Pada dasarnya proses pencucian uang dapat dikelompokkan ke dalam 3 (tiga) tahap kegiatan,
yakni placement, layering dan integration.
a. Placement merupakan fase menempatkan uang yang dihasilkan dari suatu
aktivitas kejahatan misalnya dengan pemecahan sejumlah besar uang tunai
menjadi jumlah kecil yang tidak mencolok untuk ditempatkan dalam sistem
keuangan baik dengan menggunakan rekening simpanan bank, atau
dipergunakan untuk membeli sejumlah instrumen keuangan (misalnya cek
atau giro) yang akan ditagihkan dan selanjutnya didepositokan di rekening
bank yang berada di lokasi lain. Placement dapat pula dilakukan dengan
pergerakan fisik dari uang tunai, baik melalui penyelundupan uang tunai dari
suatu negara ke negara lain, dan menggabungkan antara uang tunai yang
berasal dari kejahatan dengan uang yang diperoleh dari hasil kegiatan yang
sah.
b. Layering, diartikan sebagai memisahkan hasil tindak pidana dari sumbernya
yaitu aktivitas kejahatan yang terkait melalui beberapa tahapan transaksi
keuangan. Dalam hal ini terdapat proses pemindahan dana dari beberapa
rekening atau lokasi tertentu sebagai hasil placement ke tempat lainnya
melalui serangkaian transaksi yang kompleks yang didesain untuk
menyamarkan/menyembunyikan sumber uang “haram” tersebut.

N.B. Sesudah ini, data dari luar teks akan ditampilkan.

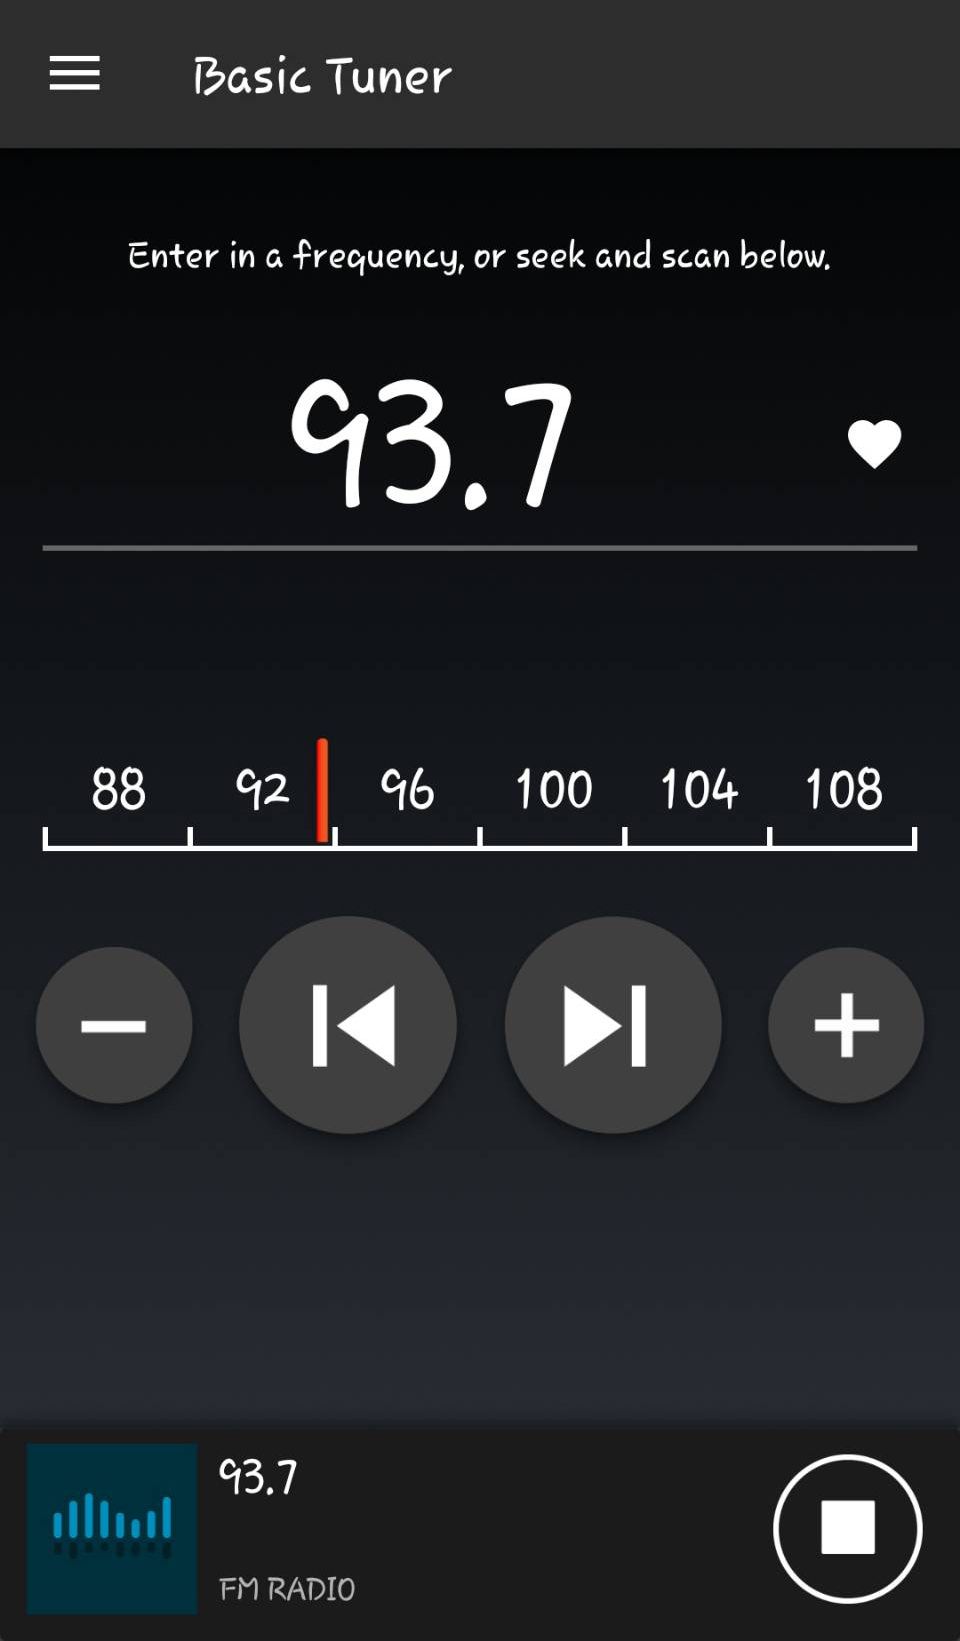 NextRadio app basic tuner

c. Integration, yaitu upaya untuk menetapkan suatu landasan sebagai suatu
’legitimate explanation' bagi hasil kejahatan. Disini uang yang ‘dicuci’
melalui placement maupun layering dialihkan ke dalam kegiatan-kegiatan
resmi sehingga tampak tidak berhubungan sama sekali dengan aktivitas
kejahatan sebelumnya yang menjadi sumber dari uang yang di-laundry. Pada
tahap ini uang yang telah dicuci dimasukkan kembali ke dalam sirkulasi
dengan bentuk yang sejalan dengan aturan hukum.

Beberapa modus pencucian uang yang banyak dilakukan oleh pelaku pencucian uang adalah :
- Smurfing, yaitu upaya untuk menghindari pelaporan dengan memecah-mecah
transaksi yang dilakukan oleh banyak pelaku.
- Structuring, yaitu upaya untuk menghindari pelaporan dengan memecah-mecah
transaksi sehingga jumlah transaksi menjadi lebih kecil.
- Pembelian aset/barang-barang mewah, yaitu menyembunyikan status kepemilikan
dari aset/barang mewah termasuk pengalihan aset tanpa terdeteksi oleh sistem
keuangan.
- Pertukaran barang (barter), yaitu menghindari penggunaan dana tunai atau instrumen
keuangan sehingga tidak dapat terdeteksi oleh sistem keuangan.
- Penggunaan pihak ketiga, yaitu transaksi yang dilakukan dengan menggunakan
identitas pihak ketiga dengan tujuan menghindari terdeteksinya identitas dari pihak
yang sebenarnya merupakan pemilik dana hasil tindak pidana.
- Mingling, yaitu mencampurkan dana hasil tindak pidana dengan dana dari hasil
kegiatan usaha yang legal dengan tujuan untuk mengaburkan sumber asal dananya.
- Penggunaan identitas palsu, yaitu transaksi yang dilakukan dengan menggunakan
identitas palsu sebagai upaya untuk mempersulit terlacaknya identitas dan
pendeteksian keberadaan pelaku pencucian uang.